Jeremias Schmidt, Jahrgangsstufe 12
AUF DER ANDEREN SEITE
Die Jahrgangsstufen 11 und 12 bestaunten ein Theaterstück der besonderen Art. Drei Schauspieler des Galli-Theaters in Freiburg führten das Stück "Auf der anderen Seite" auf. Es wurde kurz nach dem Amoklauf in Winnenden von Johannes Galli entwickelt und spricht höchst theologische und auch philosophische Fragen an. Der Protagonist ist der Amokläufer, der sich nach seiner Gewaltattacke und nachdem er sich selbst umgebracht hat, im Zwischenreich befindet. Neben ihm stehen zwei Engel, ein Ankläger und eine Verteidigerin.

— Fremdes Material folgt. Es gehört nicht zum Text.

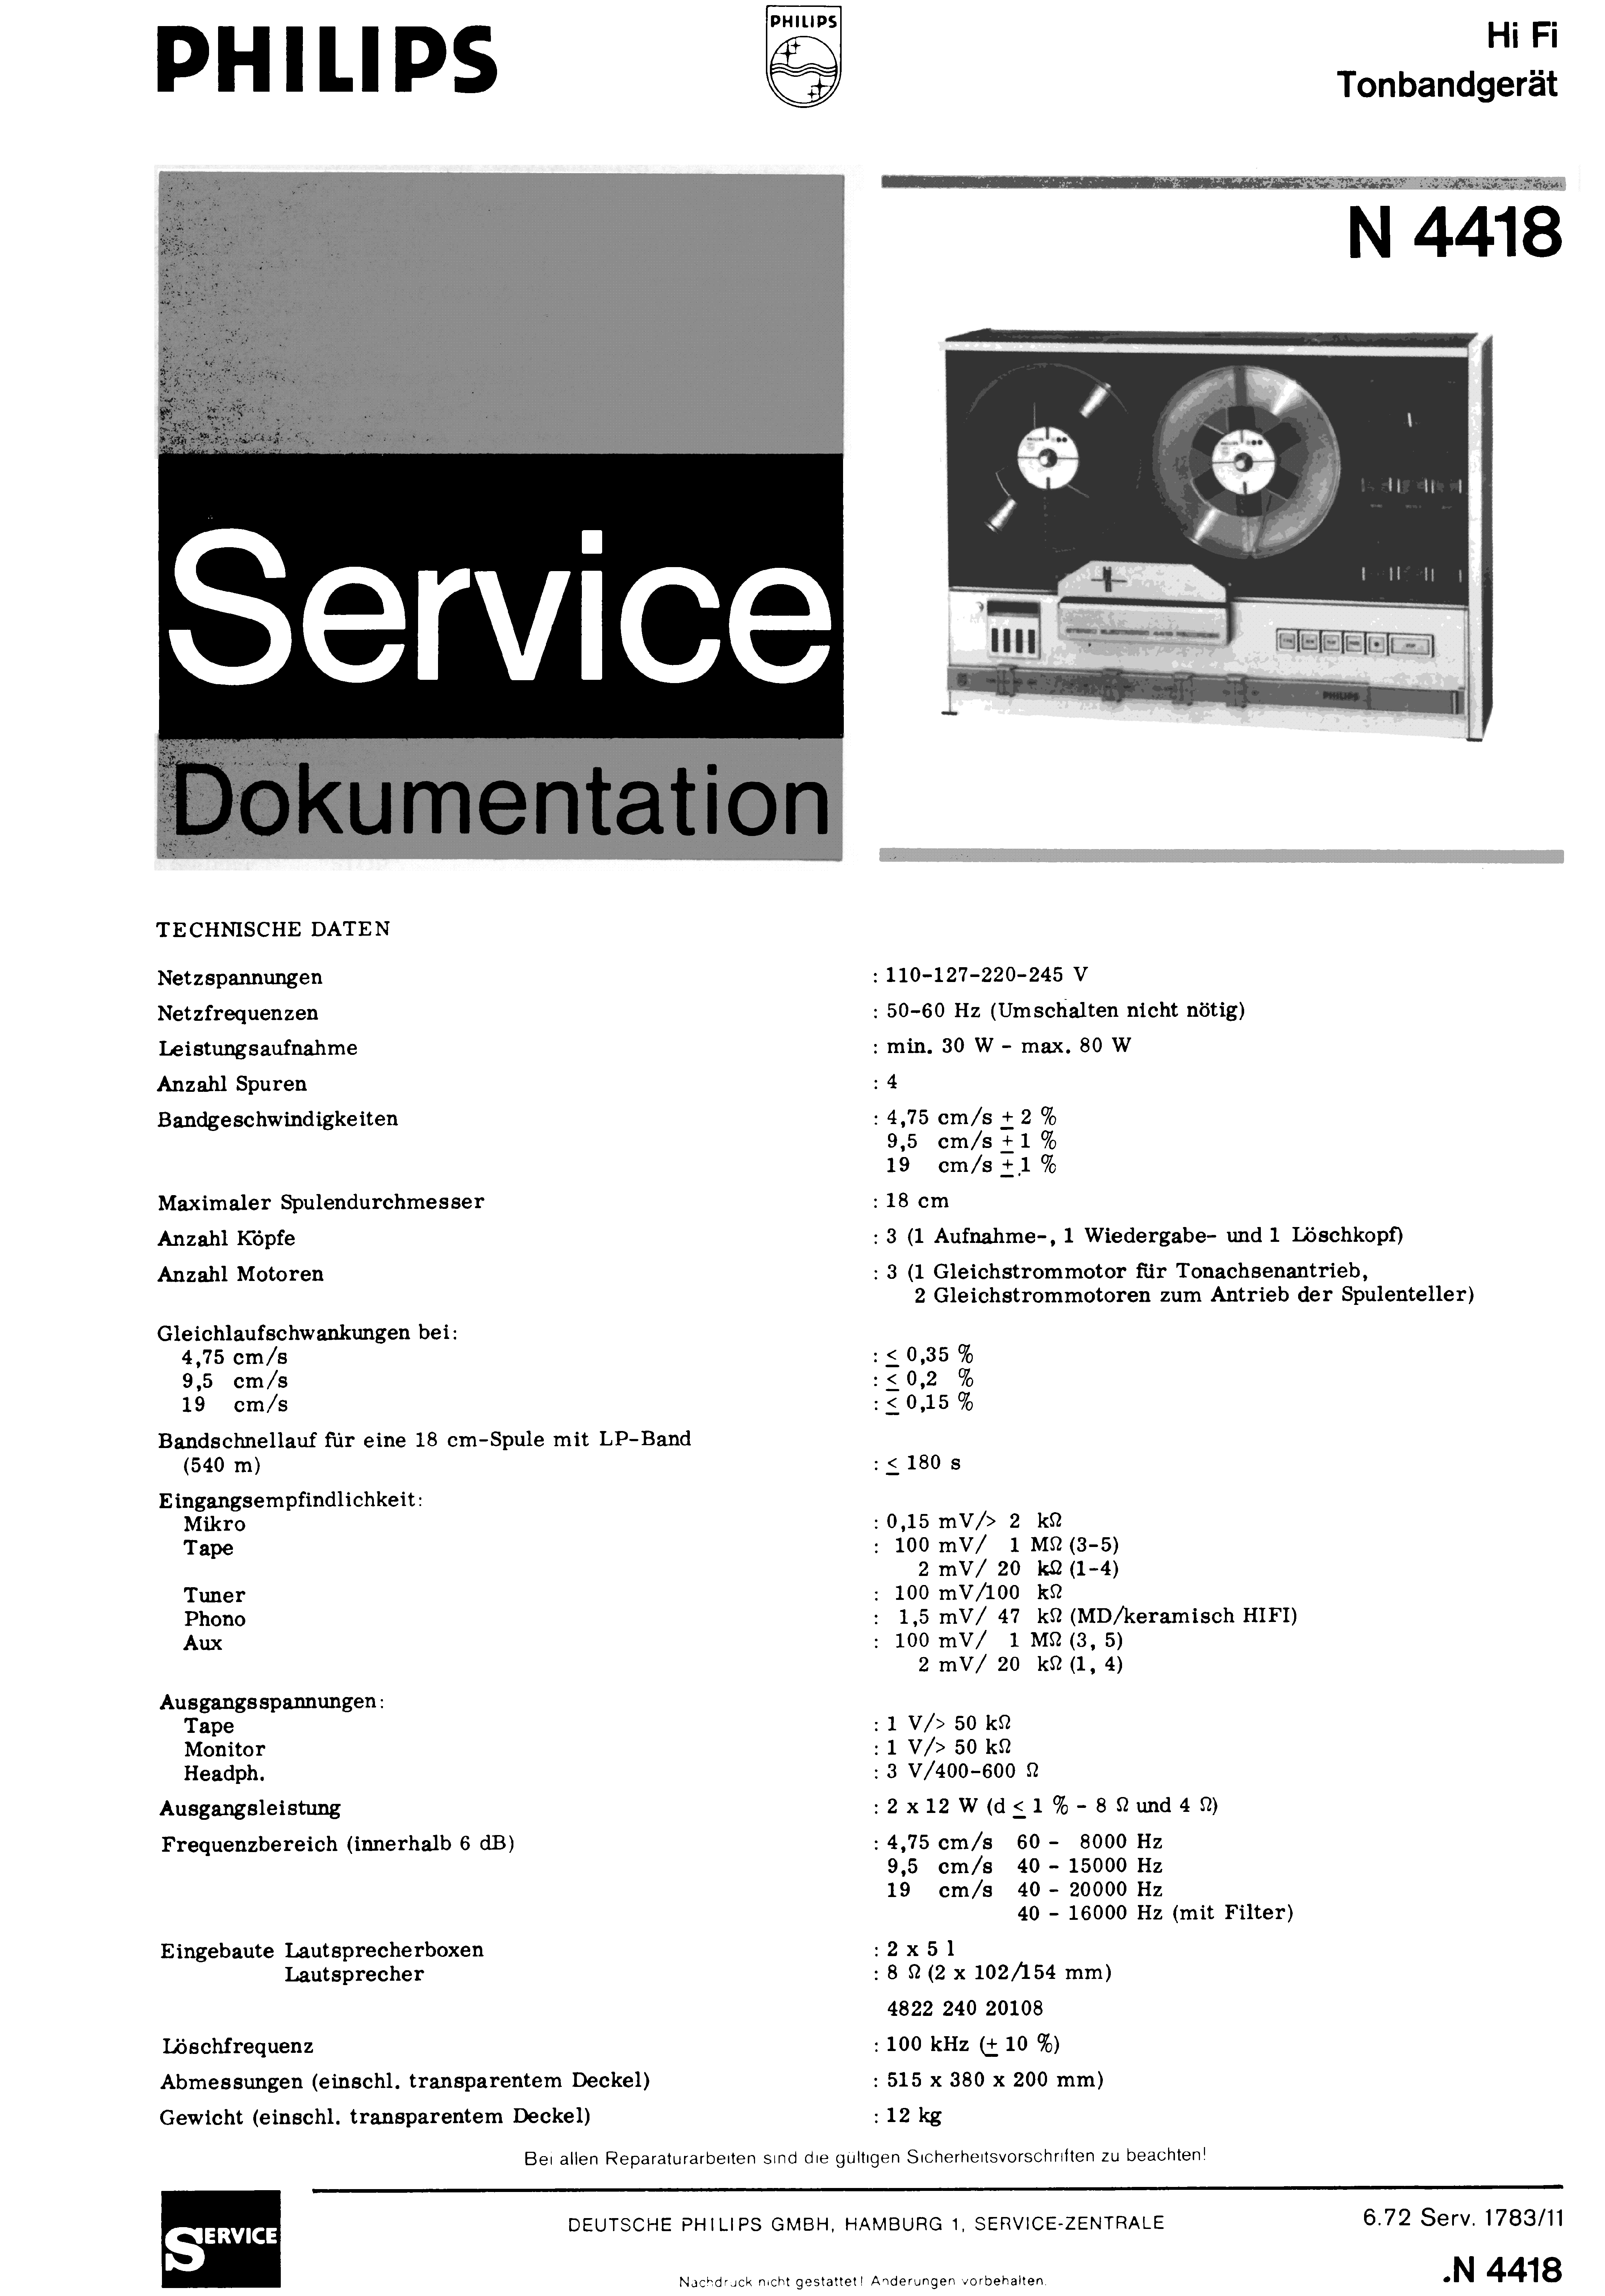 PHILIPS HIFI TONBANDGERAET N4418 SM service manual (1st page)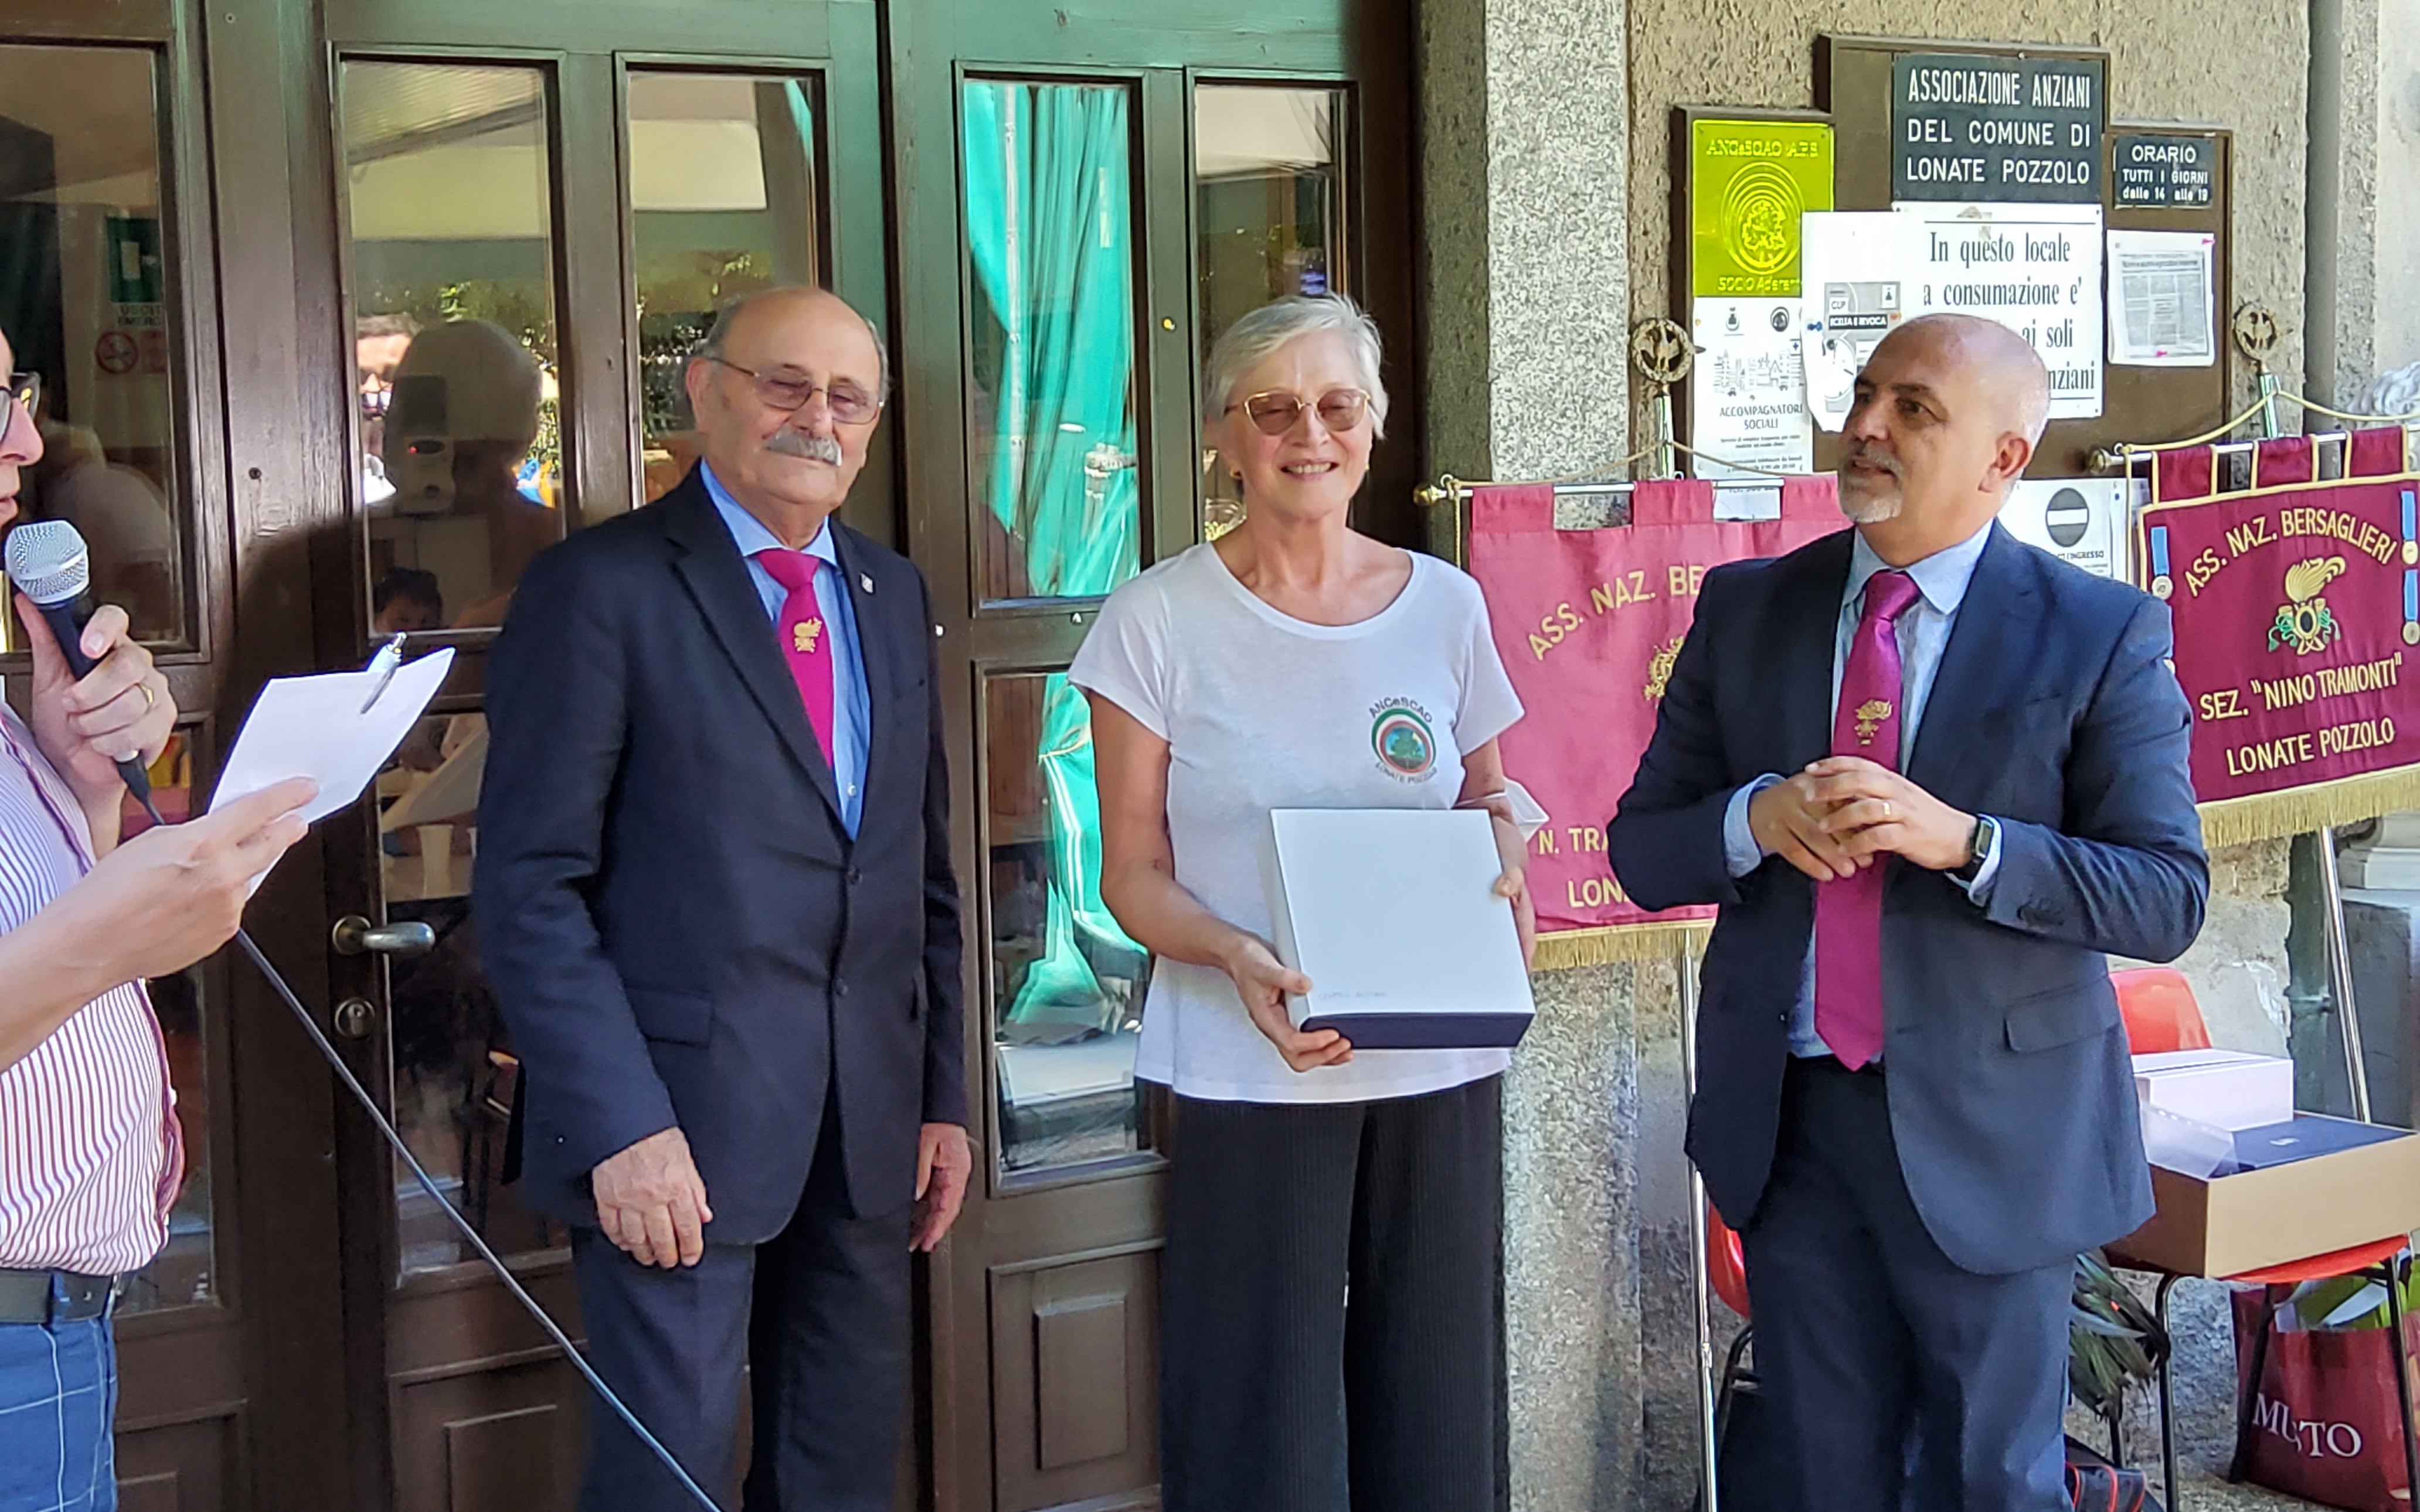 La Fanfara giramondo Tramonti - Crosta celebra il suo 55° anniversario

Der Amokläufer wird vor das göttliche Gericht gestellt. Dabei geht es nicht um die Frage Himmel oder Hölle, sondern vielmehr um das "Bewusst-werden" seiner Taten und seines "Seins". Den Platz des Richters, also den Gottes, nahmen verschiedene Schüler und Lehrer ein, die zufällig von den Engeln mit auf die Bühne genommen wurden. Eine Schülerin fordert den Mörder auf zu bereuen. Ein Lehrer fordert ihn auf, die Schmerzen zu durchleben, welche die Opfer seiner Gewaltattacke zuvor durchlitten hatten.
Alle Anweisungen führt der Schauspieler aus. Als er die Schmerzen seiner eigenen Taten selbst erlebt, bricht sein innerer Widerstand auf. Er bittet um Vergebung, indem er die ausweglose Situation, in der er sich zuvor, im Leben befand, erklärt und seine Schuld bekennt. Er möchte zurück und alles verändern. Zusammen und Hand in Hand mit den Engeln tritt er an den vorderen Bühnenrand. So endet das Stück mit einem offenen Schluss und viel Beifall.
Dinge bewusster wahrzunehmen und auf seine Umgebung zu achten, überhaupt ein Bewusstsein aufzubauen und dieses erweitern zu können, ist die klare Botschaft des ernsten Stücks. Nach der Aufführung bot das Schauspiel Trio noch eine offene Diskussionsrunde an.
Reichlich Diskussionen auch bei den Sebastiansjüngern, die von ihren Auslandsaufenthalten aus Japan, Neuseeland, USA oder Frankreich beziehungsweise von ihrem Freiwilligen Sozialen Jahr in Peru oder Indien berichteten. Einblicke in die Lebenswirklichkeit suchtkranker Jugendlicher gewährte Christine Stemmermann mit jungen Patienten von der Fachklinik Weitenau. Ausblicke in den Dschungel der schier unzähligen Studiengänge in Baden-Württemberg ermöglichten vier Studienbotschafter der Universität Freiburg und ETH Zürich schließlich den abiturreifen Kollegianerinnen und Kollegianern. Eine große Portion Leben in diesen Kollegsmauern im Gedenken an Mut und Martyrium des Heiligen Sebastian.